Beta: Info about a route. It could include tips on how to start, where to place your feet or where the trickiest spot is.
Crux: The most challenging point of a climbing route.
Dyno: A type of dynamic move that is bigger than what you can reach at the apex of your body. You use momentum to jump from one hold to another.
Gripped: Feeling overwhelmed and afraid because of an unexpected degree of difficulty, changing conditions, etc. while on a climb.
Jug, crimp, sloper, undercling, pinch, pocket: All types of climbing holds you’ll get to know and love. Some you might love a little more than others.
Pumped: Swollen forearms caused by exertion on a route. (Not a good thing.)
Problem: A bouldering route.
Project: Working on the same route over and over until you finish. Like trying a level in a game over and over until you can get through it smoothly.
Send: To successfully climb a route without falling.

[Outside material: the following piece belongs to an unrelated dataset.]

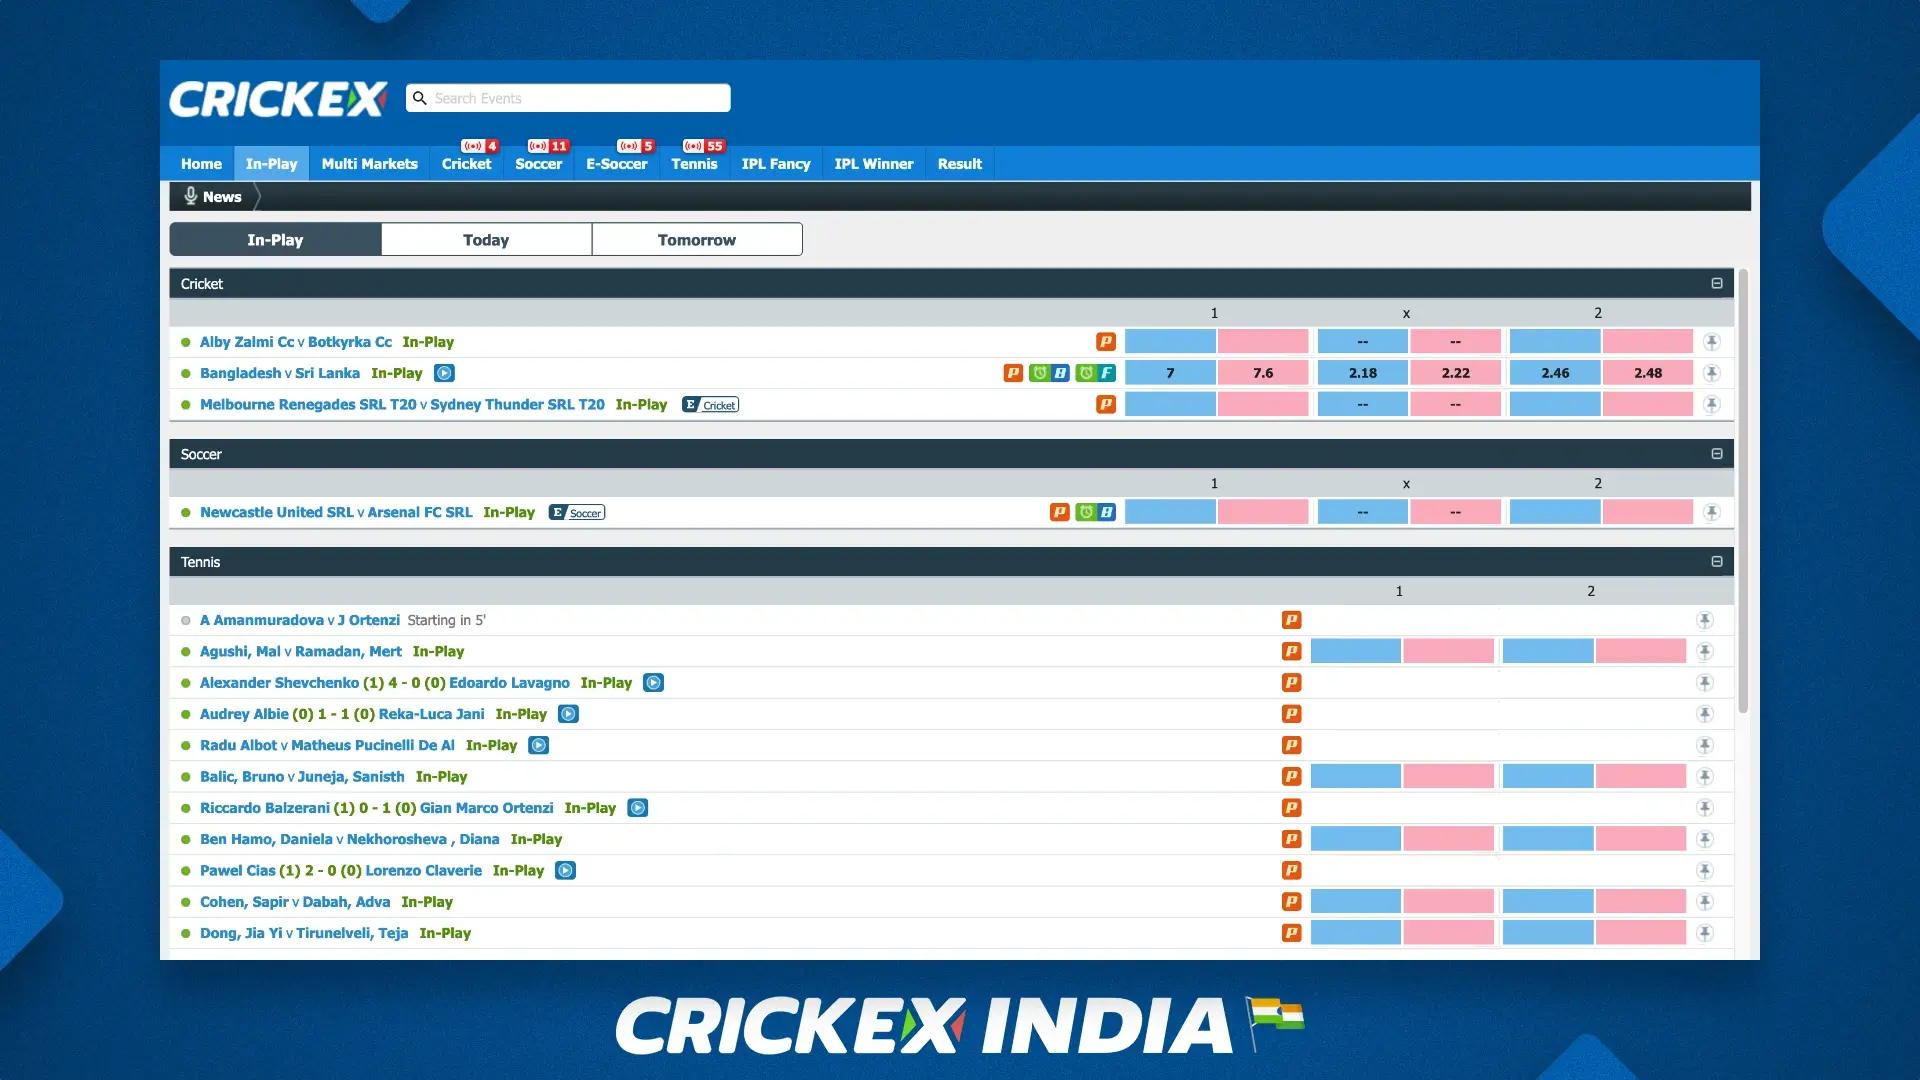 Live betting section with real time statistics at Crickex website

Understanding climbing grades
1–10 would be too easy. Instead, climbing routes are graded on the YDS (Yosemite Decimal System) scale of 5.0–5.15 (pronounced “five-zero” and “five-fifteen”). Bouldering problems are graded on a scale of V0–V17 (known as the V scale). In climbing grades, a higher number means greater difficulty. So, if 5.15 is an overhanging cliff, 5.0 or V0 is like the bunny hill.
One important thing to know: route grades are highly subjective. You might climb a 5.8 no problem, and then struggle on a 5.6. Your bouldering buddy might crush V4s, but might struggle on a certain V2. So many different variables come into play with grades, such as terrain, hold sizes, and bias of the person who created the route. It’s important not to think of grades as levels, and just focus on building your techniques and moves on the wall.
Oh, and one more thing. As you move into harder routes (above 5.10), you’ll see them differentiated into “a,” “b,” “c” or “d” to further define their degree of difficulty.
Check out this climbing grade conversion chart to learn about climbing grades in other parts of the world.
5. Get the gear you need
The rock climbing gear you need depends on the type of climbing you’re doing and how much you want to commit. While you’re learning the basics, you can easily rent all the gear you need at climbing gyms (though some require you to bring your own rope once you advance into lead climbing).
If you think you’re going to be climbing more than a handful of times, your first investment should be climbing shoes. Rock climbing shoes that fit perfectly help you get a better feel for the wall, which can significantly boost your learning curve when you’re starting out (if you aren’t renting shoes, you wear climbing shoes without socks, but if you are renting, socks are highly recommended).
Climbing shoes aren’t as expensive as you might think – there are plenty of options under $150 for a beginner pair, and they should last you a long time. You can also check secondhand online marketplace sites for a lightly pre-loved pair.
What to wear rock climbing
Comfortable coverage is the sweet spot when it comes to choosing what to wear rock climbing. Your knees are likely to brush (or bang) against the walls, so long shorts or pants will protect you from scrapes and cuts. As a general rule, opt for an outfit that’s comfortable and stretchy. Avoid anything too loose that could feel bulky or get in your way.
Also: tie back long hair, take off rings or other jewellery that could get caught, and know that everything you wear climbing will inevitably end up with plenty of chalk smudges – the sign of time well spent.\
Bonus: Remember the unspoken rules
A little climbing etiquette goes a long way.
No spoilers: Climbers call it “spraying beta.” You wouldn’t watch a new movie and then talk loudly about the ending at the gym the next day. It’s the same with solving a problem when you’re climbing. Unless someone asks you for beta, keep it to yourself.
Know when to use your indoor voice: Your indoor climbing voice is actually louder than your outdoor one. When you’re climbing indoors, it’s completely fine to chat with your friends, and most gyms will even have music going. Outside can have a different vibe. Sometimes you’ll hear dogs barking and people talking and cheering each other on. Other times, climbers can be more into the serenity of their routes than chatting or jamming out. Wherever you climb, pay attention to the vibe when you get there and adjust yours to match.
Be considerate: Don’t start a route at the same time as someone beside you. Don’t hog the same route when there are other people wanting to try it. Being generally aware of others at the gym or crag and making a little effort to be courteous will go a long way.